Hunched by early labors with pick and shovel, the private straightened his back as best he could. “You said … you told us we got to keep our feet real clean.”
“I told you to wash your feet with cold water. At the
end
of the day’s march. I told you
never
to wash your feet before a march or in the middle of one.”
“But they hurt me.”
Brown took a deep breath. It was like trying to explain mathematics to a mule. “They’re going to hurt worse. You’ll get used to it.” He looked the boy up and down. Five foot two, with some stretch put in. But the lad had shoulders broad enough to carry the weight of the world. If he didn’t get killed in his first fight, he’d do all right. “Didn’t you wash your feet last night?”
“No.”
“That’s ‘No, Sergeant.’”
“No, Sergeant.”
“Why not?”
“I was every ways tired.”
“Well, you’re going to feel worse tonight. Just buck up.” He considered the bovine stupidity that infected new recruits, leaving them stubbornly helpless. “You eat your breakfast? Or are you waiting to be told that, too?”
“I et some.”
The private looked as though he expected a beating. Justice took a practical course back home on Eckert Hill.

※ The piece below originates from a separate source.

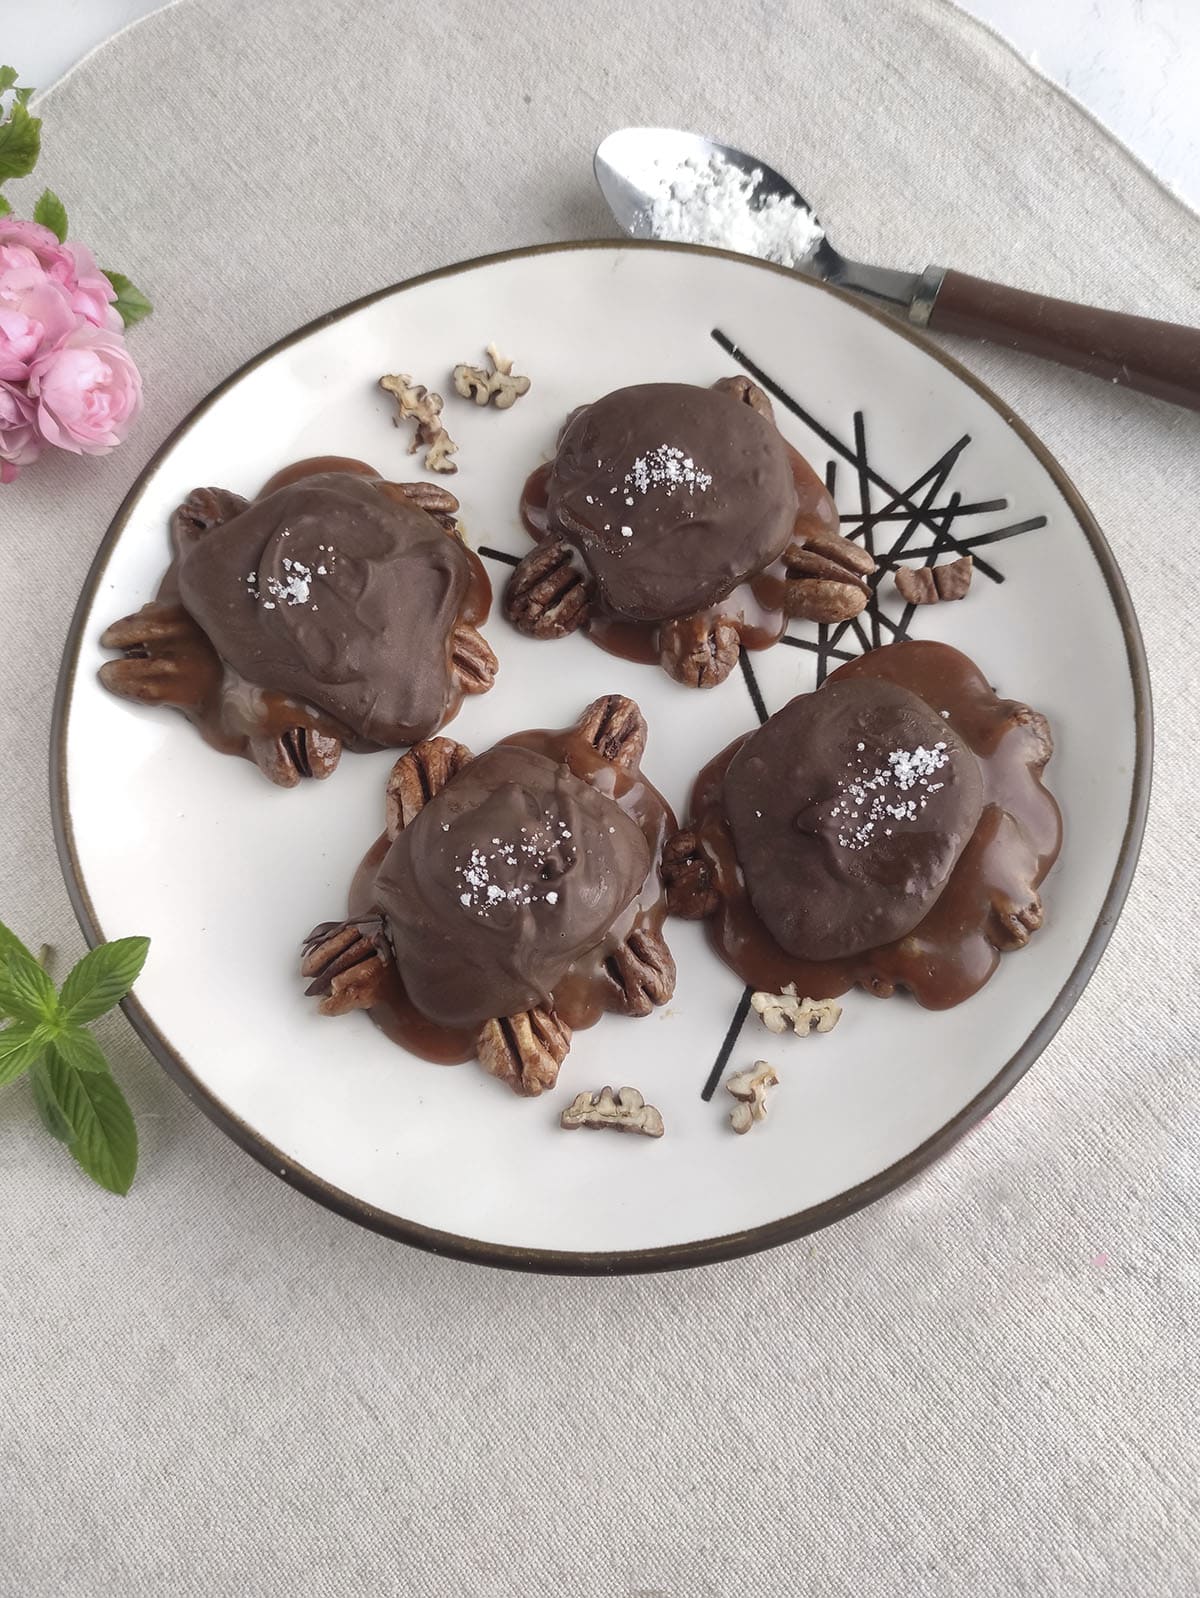 4 chocolate pecan turtles on a plate with a small spoon filled with salt on the upper right.

“All right. Just go back and put on clean stockings, get yourself ready to march. You can wash those feet tonight.”
Around them, the rough encampment had come to life. At any moment, the bugles would be unleashed, to the groans of the men from companies less alert. The hapless would hurry to do the things left undone the night before, and the laziest men would attempt to cajole hot coffee from their betters. Brown liked his own men up early and properly fed. You could get a Dutchman to do most anything if you kept his belly full.
“I can’t,” the private said. As if the words cost pain.
A shaft from the rising sun reached the boy. For an uncanny moment, John N. Eckert, private, Company C, 50th Pennsylvania Veteran Volunteer Infantry, wore a golden halo.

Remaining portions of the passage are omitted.